A multidimensional design of charge transfer interfaces via D-A-D linking fashion for electrophysiological sensing of neurotransmitters

•D-A structure biosensor is ultrasensitive due to amplification by the collective current signal.•Bioaffinity recognition of phenothiazine-based assays.•Future prospects to improve the biosensors are provided.

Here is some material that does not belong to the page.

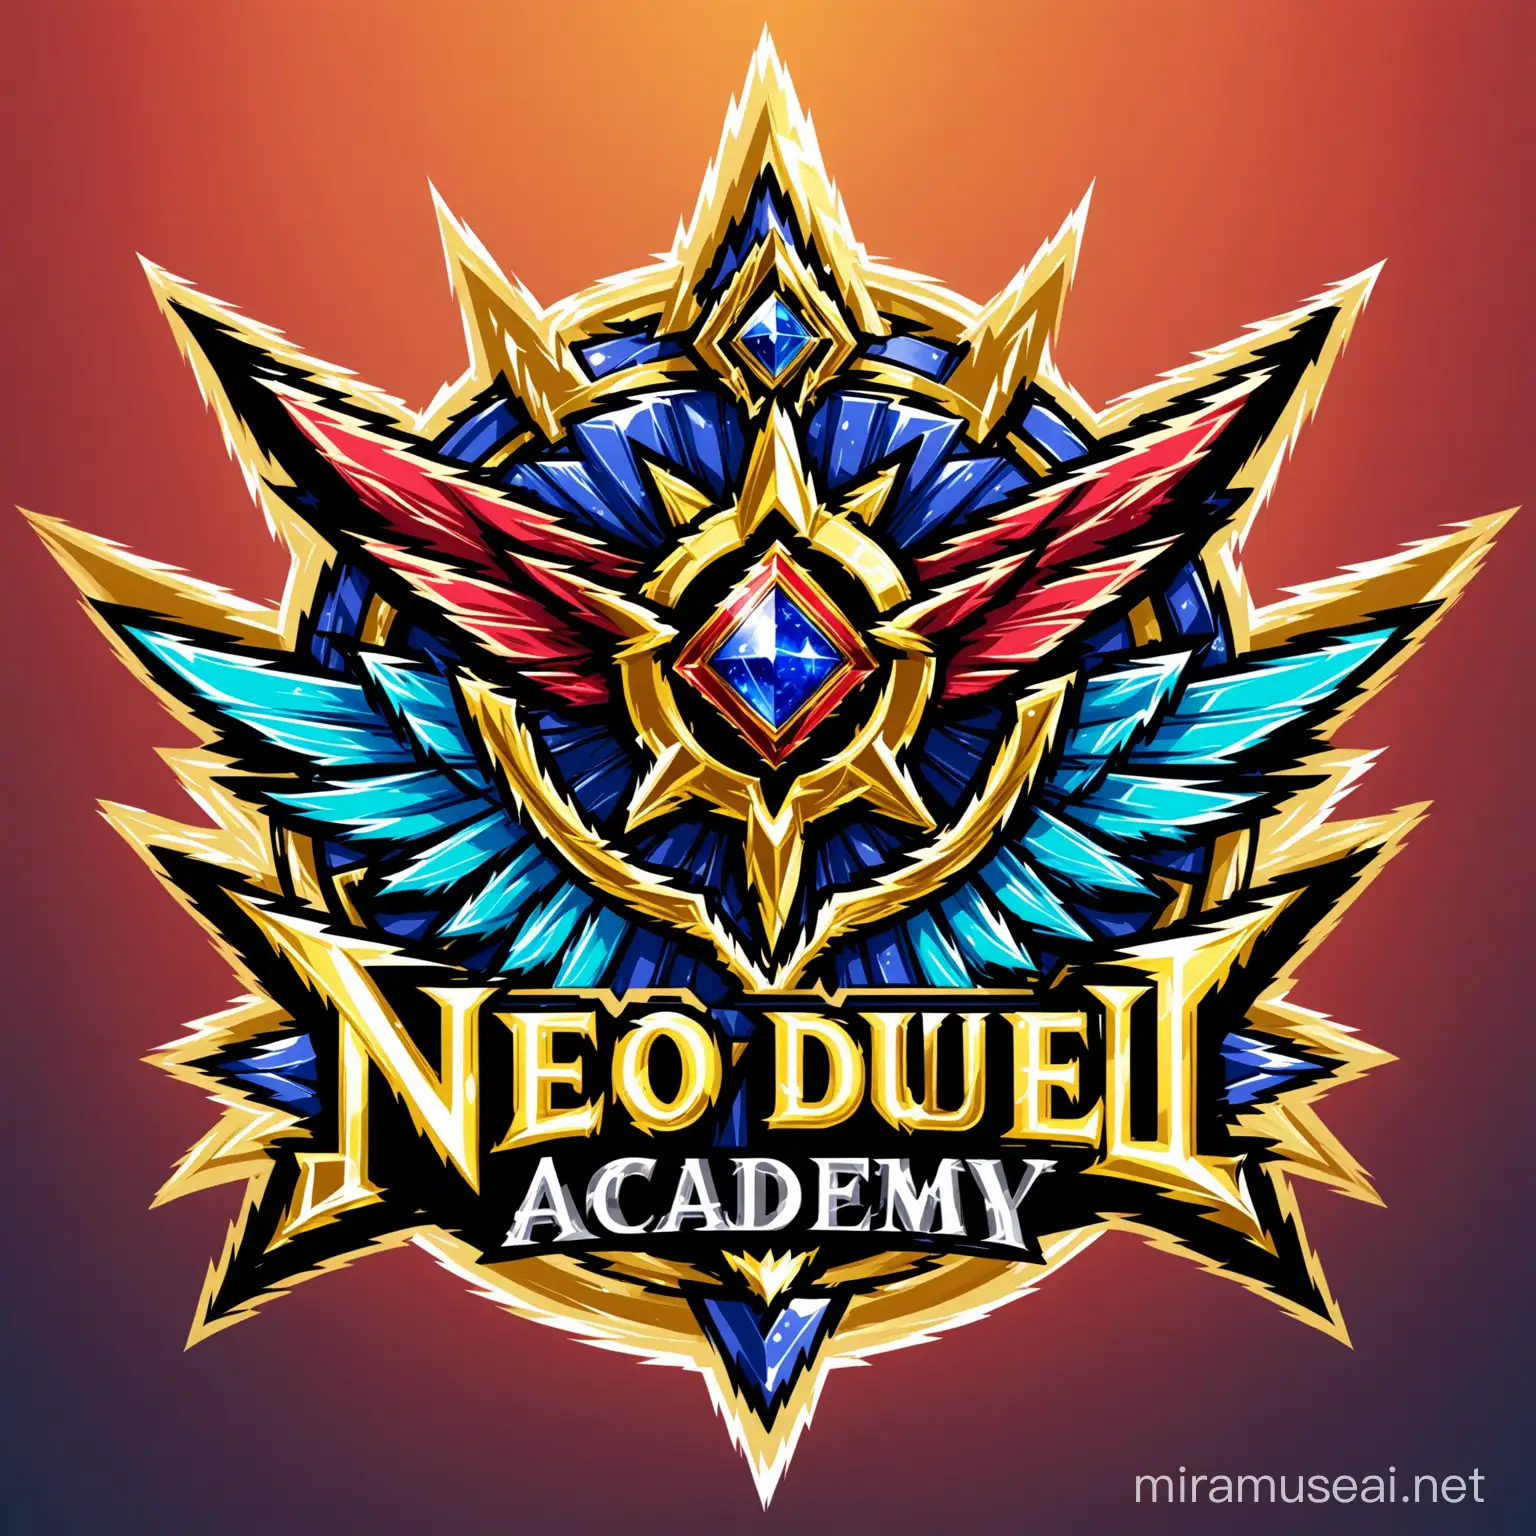 Neo Duel Academy Logo Inspired by YuGiOh Cards

Donor-Acceptor (D-A) structure like host-guest pair serves as an organic charge-transfer (C-T) material with pregnant electrochemical and photochemical properties. Phenothiazine, a conjugated nitrogen-sulfur heterocyclic compound with broad pharmaceutical profile, is a strong electron donating system and applied in the synthesis of various classic antipsychotic drugs. In this proposal, a novel D-A molecule, 2,3-bis(4-(10H-phenothiazin-10-yl)phenyl)fumaronitrile (PTBFN), containig a diphenylfumaronitrile as the electrophilic central core and two phenothiazines as the peripheral electron donor functional groups is first designed and synthesized. Subsequently, the C-T layer based on the PTBFN polymer, poly(PTBFN), is obtained via a straightforward electrochemical method and used as an efficient electrocatalyst for dopamine (DA) detection. The logarithm of oxidation peak currents present an outstanding linear response to that of the DA concentration varying from 0.005 to 350 μM with a detection limit down to 0.70 nM, wherein the interferences of uric acid (UA) and ascorbic acid (AA) could be eliminated effectively. Moreover, the biosensor displays decent stability, excellent selectivity for different interfering compounds and applicability in real samples analysis. The favorable sensing performance suggests that the nontrivial D-A architecture is one of the promising bioaffinity catalysts for electrocatalysis and expected to provide wider application potential for biosensing construction and medical diagnostics.